Dear SPCO Board Members,
I am writing to thank you for your service to the SPCO and the community. As a thirty-year SPCO patron, I am also writing to express concern at the recent contract negotiations as described in Evelina Chao’s Pioneer Press article.
In previous generations, orchestra boards and managers focused on building something great: a vibrant, strong orchestra that would endure beyond the present era and leave a legacy to enrich the community. This was true even during economic times much graver than ours. Sadly, your focus now is on dismantling the orchestral greatness that previous generations have built.
Your job is to protect and to serve the orchestra. I believe you fully capable of doing that. With the talent, ingenuity, and experience represented on the current SPCO board, you are more than able to steer this outstanding orchestra into financial stability and even higher level artistic excellence.
Surely, this current budget issue is a solvable problem. Surely, you are capable of solving it without making financial concessions where they never should be made–on the backs of the musicians (who have already extensively conceded personal salaries to help you meet budgets) and at the expense of this orchestra’s size and exceptional quality.

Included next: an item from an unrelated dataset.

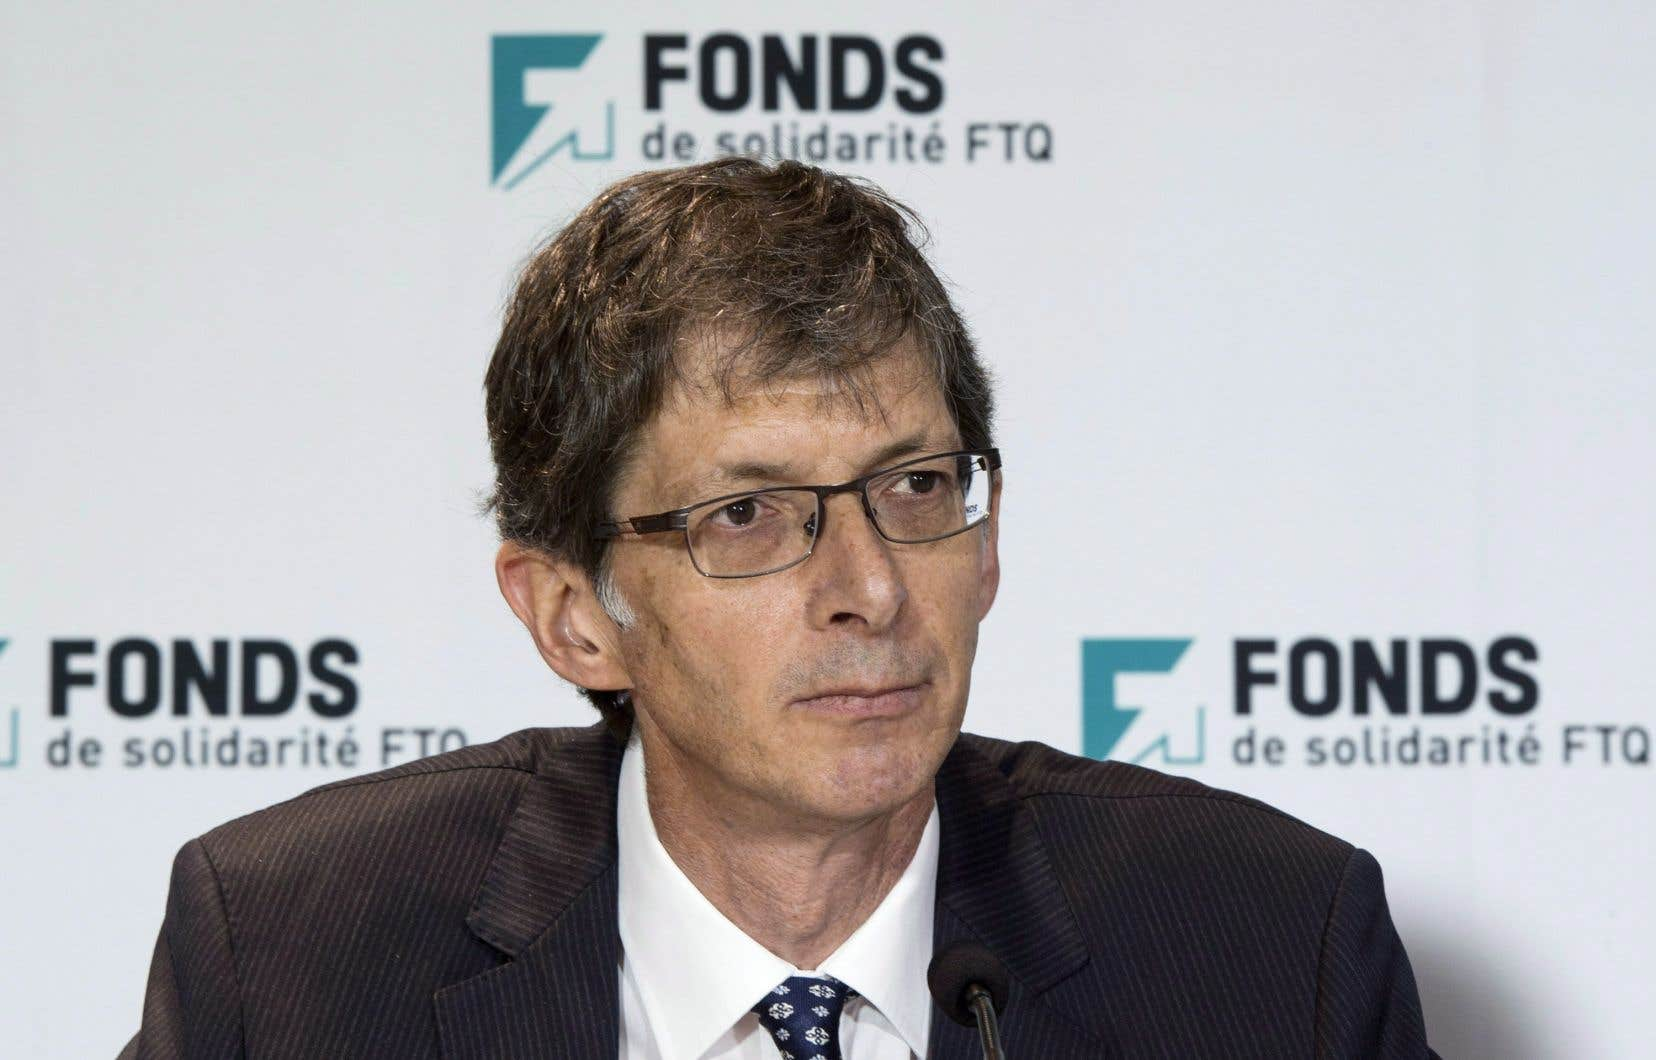 Le président du Fonds de solidarité FTQ, Gaétan Morin
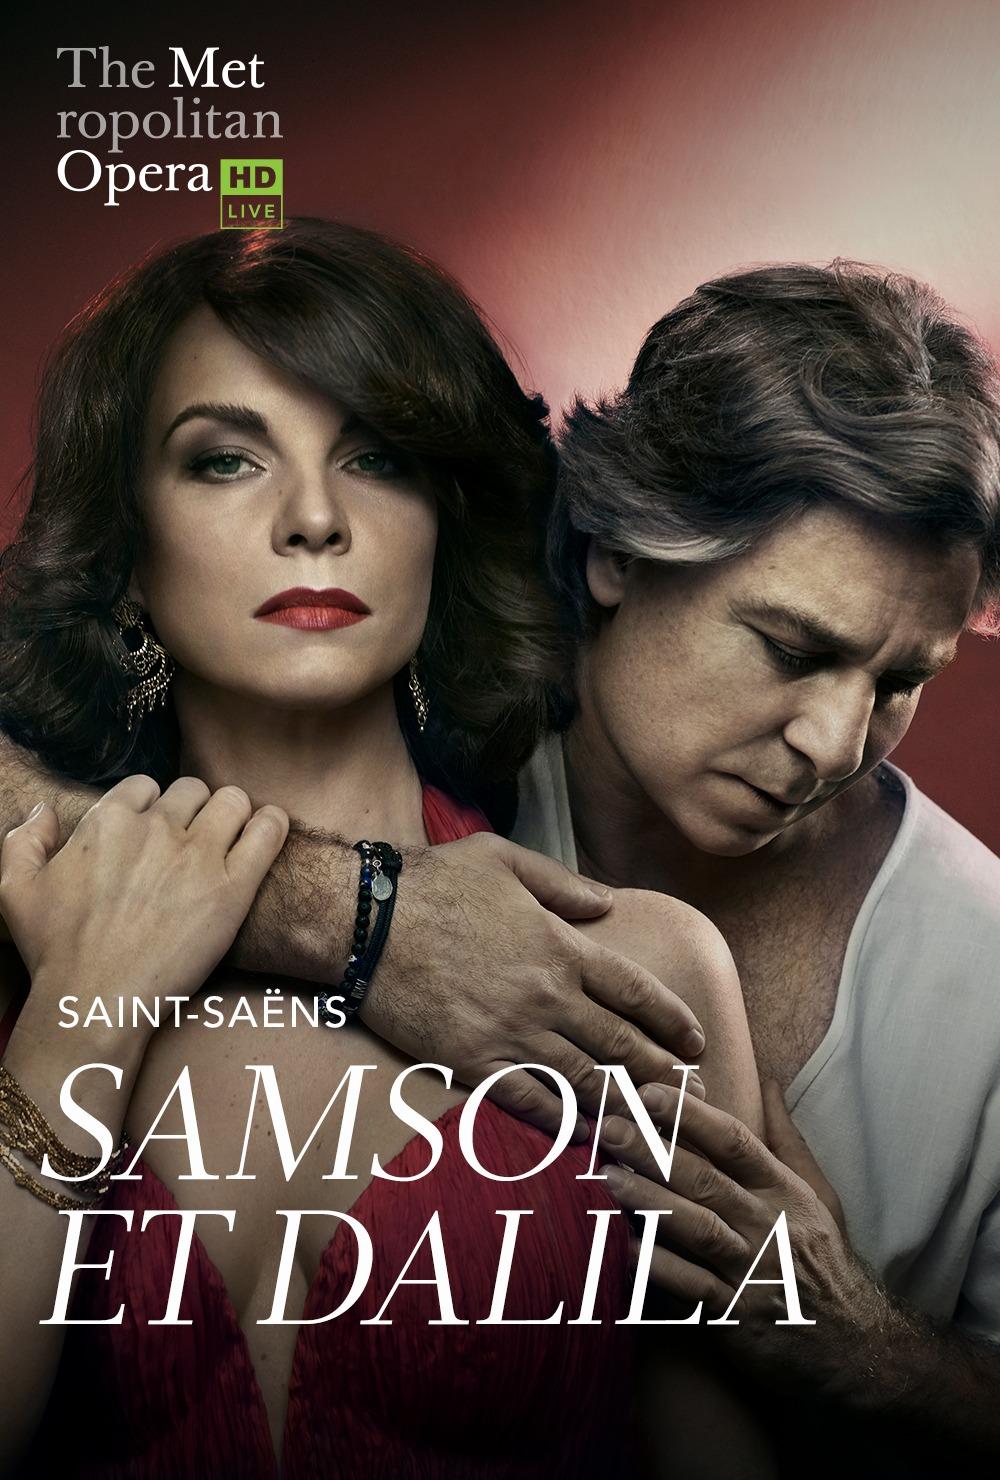 Met-Samson Et Dalila-Encore

Many of the SPCO musicians could have chosen ensemble or solo careers in larger, highly competitive cities such as Berlin, New York, Vienna, etc. Yet they chose to work here, in your company, because they value the Midwest and living in the Twin Cities. How lucky we are to enjoy talent of such caliber right here in Minnesota! And these musicians, some of whom have dedicated their entire, multi-decade professional careers to the SPCO, deserve our community patronage and your best stewardship.
Please give them the best you’ve got.
If this orchestra’s quality and size are dismantled, the community will lose. I, and many other current and future orchestra patrons, will lose. These incredibly talented musicians will lose, after years of dedicated service, which is not what they deserve. And you will lose, too.
I don’t believe that you intend your legacy to be the destruction of a cultural treasure that took decades to build. Yet this will be the unfortunate byproduct of a misguided managerial decision. As business people, you are probably familiar with the Abilene Principle. It’s even more aptly described as the Abilene Paradox.
As you likely remember, the Abilene Paradox is enacted when a management group becomes entrenched in making a decision that is not the best decision. As more members of the group agree to the decision despite their reservations, the firmer it becomes. At a certain point, no one in the group dares say, “You know, actually, I think we should choose a different course.” Even though everyone in the management group has unspoken doubts, the suboptimal decision becomes policy and a defining condition of the company and employees.
Thus the paradox: although the decision defies logic or reason, the management group chooses it, and everyone must live with the consequences.
You may recall instances of the Abilene Paradox in companies where you have worked. Perhaps you have even been part of a management group enacting such a paradox. It’s not a fun place to be. As the unwise decision is being made, one is often deeply uneasy. But that discomfort is nothing compared to the consequences one must deal with as a manager after making such a decision. The discomfort is only the beginning of what can be years of problems and regret.
Leaders make mistakes–it’s often how those in managerial roles learn. Mistakes need not be a big deal. They can be an opportunity to revise, rethink, replan, make things better for the company and the employees. But mistakes become catastrophic when they are endorsed and solidified into policy rather than stopped and questioned.
Please stop to question your current plan about the SPCO contract. You are endorsing a policy that does not make artistic or financial sense: if you strip the artistic quality of the orchestra, you will not be able to support future fundraising, and this will create a cycle of decreasing funds and diminished product. Some of you must be feeling concerns about this plan, or have doubted if this is really the best course. You are wise to have those doubts–listen to them.
You absolutely still can make this right. But you must speak out about finding a different way out of this challenge before it is too late.
The mark of truly great leaders is the ability to look at a suboptimal plan and say, “We explored this, and now we realize it is not the best option. Based on what we have learned, we are going to choose something better.” You still have the opportunity to be great leaders in this situation, to restore the orchestra’s trust and the community’s support, and to leave a legacy that would make you and the community proud.
Thank you again for your time, support, and service to the SPCO.